Changing locking mechanism from rcu_read_lock to task_lock makes network namespaces
creation less sensible to _rcu implementation_ changes and fixed observed regression.
Thank you very much.
-Rafael
On Jul 29, 2014, at 10:21 PM, Eric W. Biederman <ebiederm at xmission.com> wrote:
>
> The synchronous syncrhonize_rcu in switch_task_namespaces makes setns
> a sufficiently expensive system call that people have complained.
>
> Upon inspect nsproxy no longer needs rcu protection for remote reads.
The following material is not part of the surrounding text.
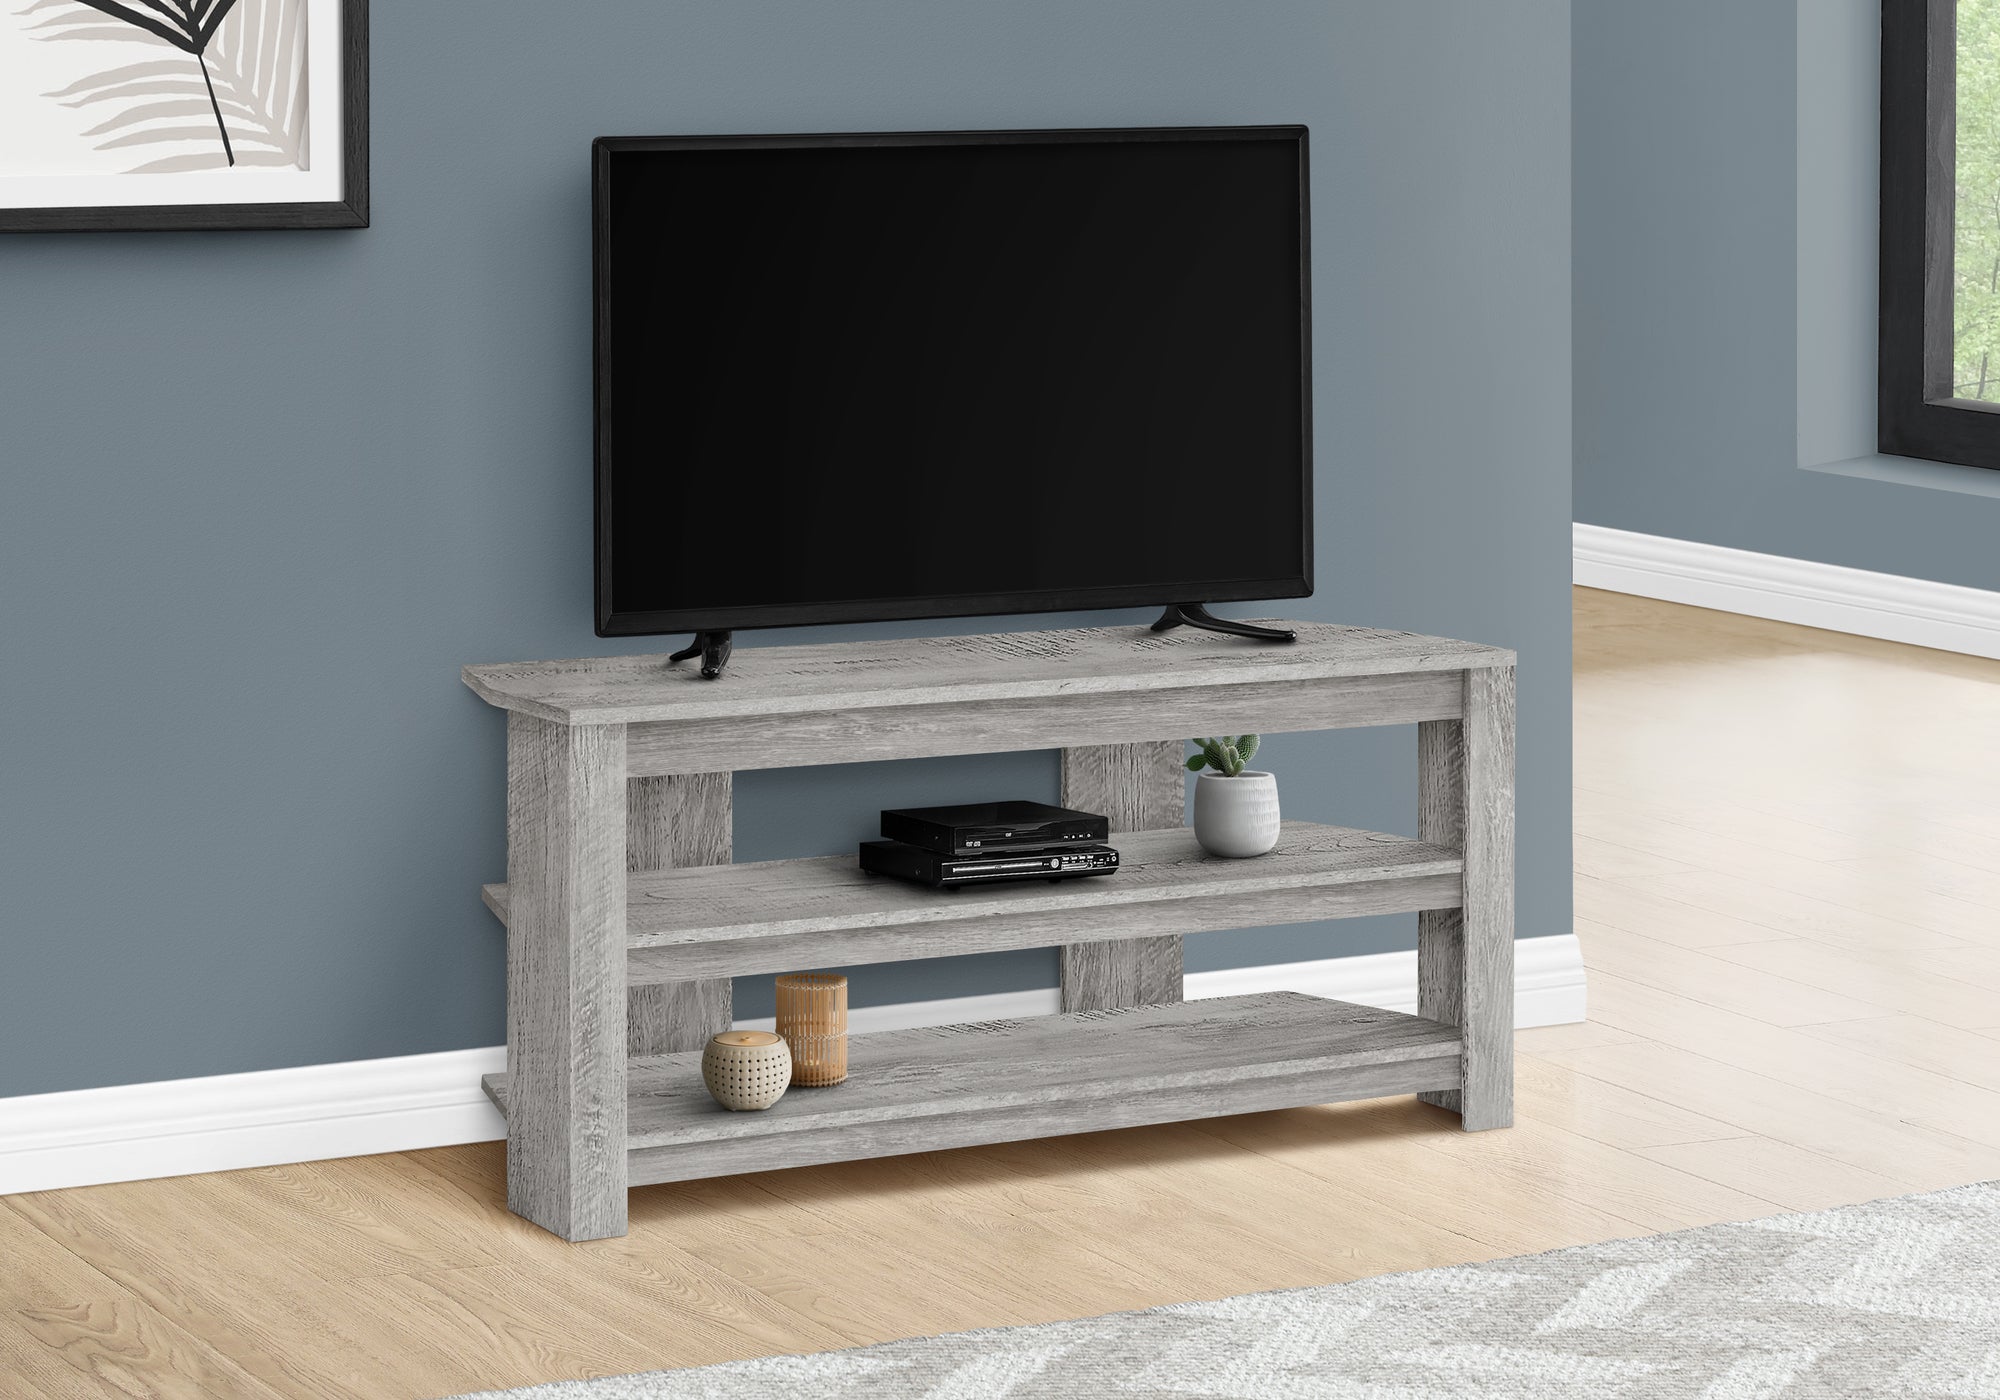 MN-492501    Tv Stand, 42 Inch, Console, Media Entertainment Center, Storage Cabinet, Living Room, Bedroom, Laminate, Industrial Grey, Contemporary, Industrial, Modern
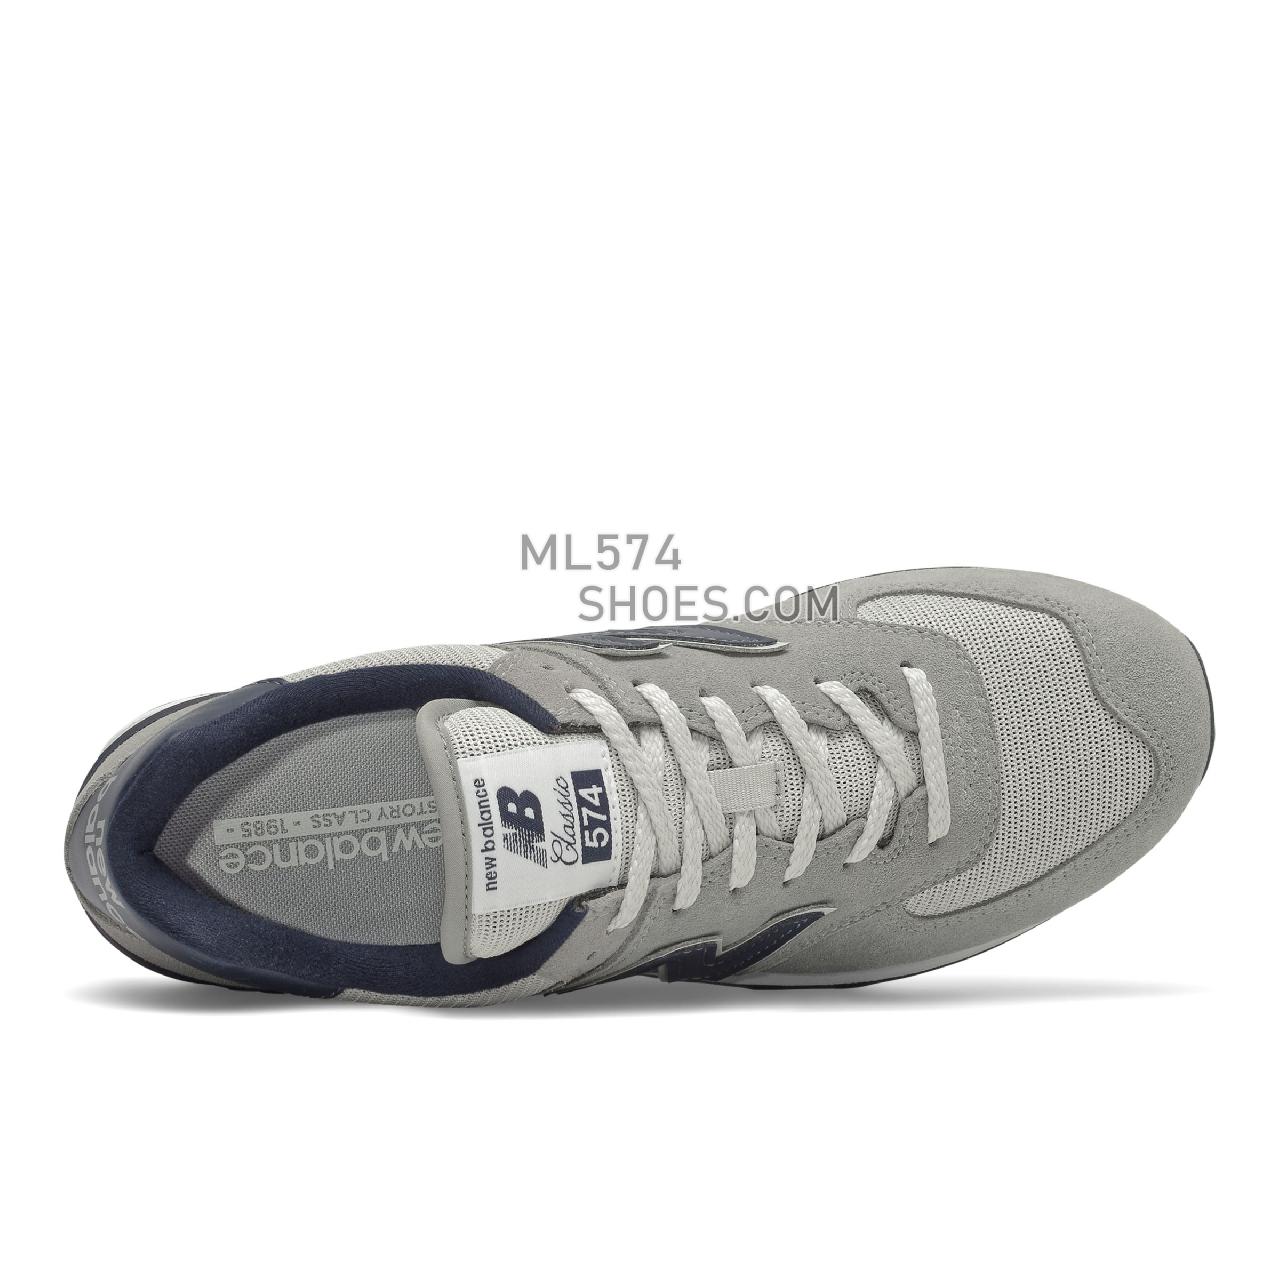 New Balance 574v2 - Men's Sport Style Sneakers - Grey with Navy - ML574BE2

> remote reads are rare. So optimize for same process reads and write
> by switching using rask_lock instead.
>
> This yields a simpler to understand lock, and a faster setns system call.
>
> In particular this fixes a performance regression observed
> by Rafael David Tinoco <rafael.tinoco at canonical.com>.
>
> This is effectively a revert of Pavel Emelyanov's commit
> cf7b708c8d1d7a27736771bcf4c457b332b0f818 Make access to task's nsproxy lighter
> from 2007. The race this originialy fixed no longer exists as
> do_notify_parent uses task_active_pid_ns(parent) instead of
> parent->nsproxy.
>
> Signed-off-by: "Eric W. Biederman" <ebiederm at xmission.com>
> ---
> fs/namespace.c | 6 +++---
> fs/proc/proc_net.c | 4 +++-
> fs/proc_namespace.c | 8 +++-----
> include/linux/nsproxy.h | 16 ++++++----------
> ipc/namespace.c | 6 +++---
> kernel/nsproxy.c | 15 ++++-----------
> kernel/utsname.c | 6 +++---
> net/core/net_namespace.c | 10 ++++++----
> 8 files changed, 31 insertions(+), 40 deletions(-)
>
> diff --git a/fs/namespace.c b/fs/namespace.c
> index 182bc41cd887..7187d01329c3 100644
> --- a/fs/namespace.c
> +++ b/fs/namespace.c
> @@ -2972,13 +2972,13 @@ static void *mntns_get(struct task_struct *task)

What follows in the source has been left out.